I've had great luck with Carnac mtb shoes.


----------



## majura (Apr 21, 2007)

I have large but thin/skinny feet so Shimano shoes fit me to a tee.

I have a pair of the custom fit MTB shoes (won them), but use their Road Touring line of shoes for commuting and road work. Basically think of a SPD shoe, but made for road and walkable. I have the 2008 model RT-80. They were on close out from Chain Reation Cycles, although are very silver and for some tastes 'flashy'. I was originally looking at the RT-51s (2009) which are in Black and have a 3 velcro strap closure system. 

They're really comfy and fine for ducking into the shops on the way home. Also not worried if they get trashed/damaged.

Here's the 2010 RT-81


----------



## buck-50 (Sep 20, 2005)

majura said:


> I have large but thin/skinny feet so Shimano shoes fit me to a tee.
> 
> I have a pair of the custom fit MTB shoes (won them), but use their Road Touring line of shoes for commuting and road work. Basically think of a SPD shoe, but made for road and walkable. I have the 2008 model RT-80. They were on close out from Chain Reation Cycles, although are very silver and for some tastes 'flashy'. I was originally looking at the RT-51s (2009) which are in Black and have a 3 velcro strap closure system.
> 
> ...


Love them, those would be perfect if they actually sold them in the U.S. Not to impose, but if you know of somewhere that sells those shoes AND ships to the US for a reasonable amount, lemme know.


----------



## empty_set (Nov 1, 2006)

I've been using the adidas Razor (now from Mavic).


----------



## Pablo (Jul 7, 2004)

More Sidis, but on sale?
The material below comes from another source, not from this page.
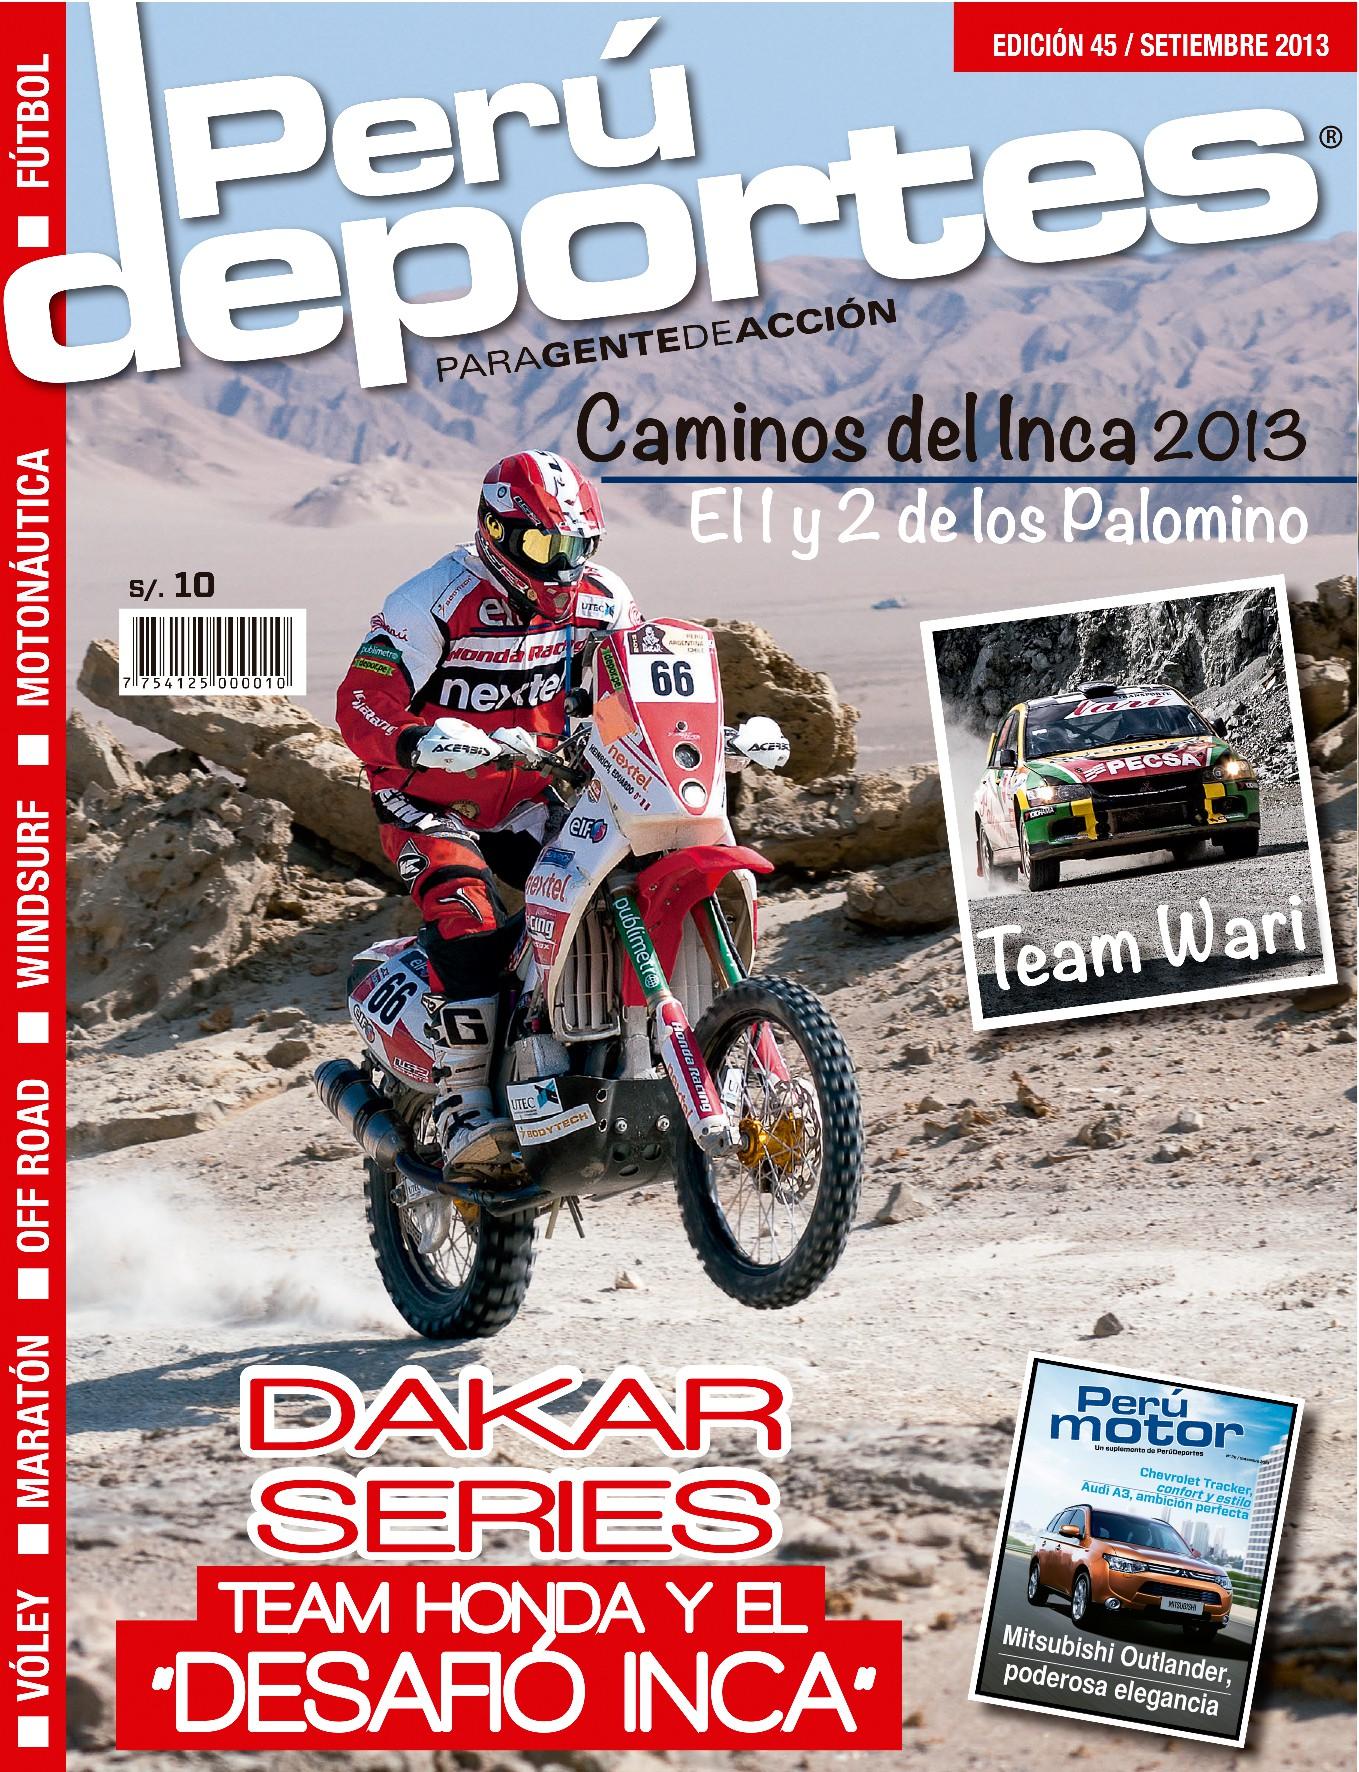 Perudeportes Edición #45 (Sep 2013)
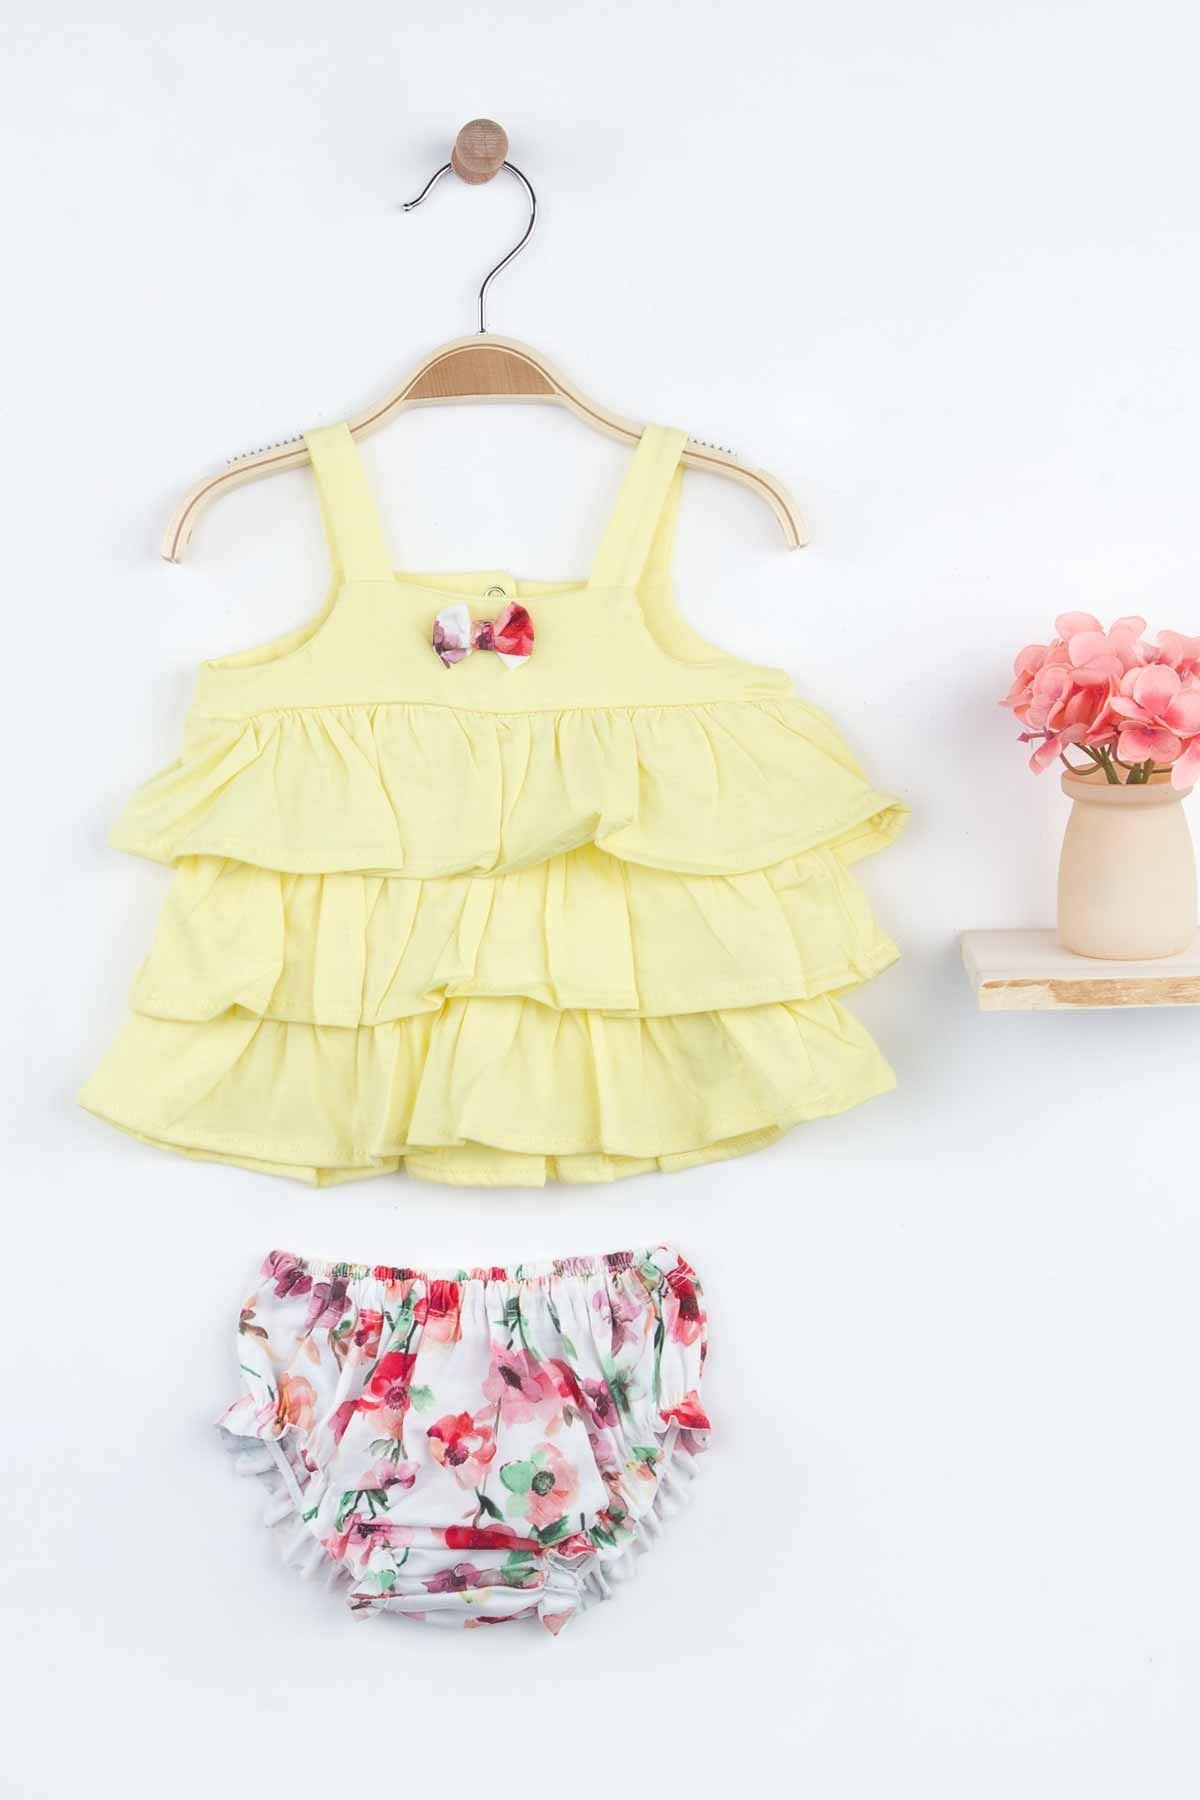 Yellow Summer Baby Girl Suit Shorts Body Hair Bandana Clothing Summer Holiday Girls Babies Comfortable Daily Cotton Underwear Se

I mean, if you know they fit . . . (I can pretty much only wear Sidi Megas.)


----------



## tarwheel2 (Jul 7, 2005)

I've got some Sidis that are similar to Dominators but have Velco straps rather than the ratcheting mechanism. I bought them a while ago on sale at REI for about $50. I've got a couple pairs of Sidi Genius, and these work every bit as well for much less money.


----------



## majura (Apr 21, 2007)

buck-50 said:


> Love them, those would be perfect if they actually sold them in the U.S. Not to impose, but if you know of somewhere that sells those shoes AND ships to the US for a reasonable amount, lemme know.


Just click the images.

*Pro Bike Kit* (free shipping to the US)
RT31 

RT81


*Chain Reaction Cycles *(free shipping on orders over 150 pounds. Normal shipping is around $US30)
RT80

RT31
RT51

Bike24 (20 euros shipping to US)
RT31
RT51
RT80
RT81

I had a quick look on Shimano's EU site, they have a new model of the RT51: RT52


----------



## buck-50 (Sep 20, 2005)

you are my hero, majura.


----------



## FatTireFred (Jan 31, 2005)

tarwheel2 said:


> I've got some Sidis that are similar to Dominators but have Velco straps rather than the ratcheting mechanism. I bought them a while ago on sale at REI for about $50. I've got a couple pairs of Sidi Genius, and these work every bit as well for much less money.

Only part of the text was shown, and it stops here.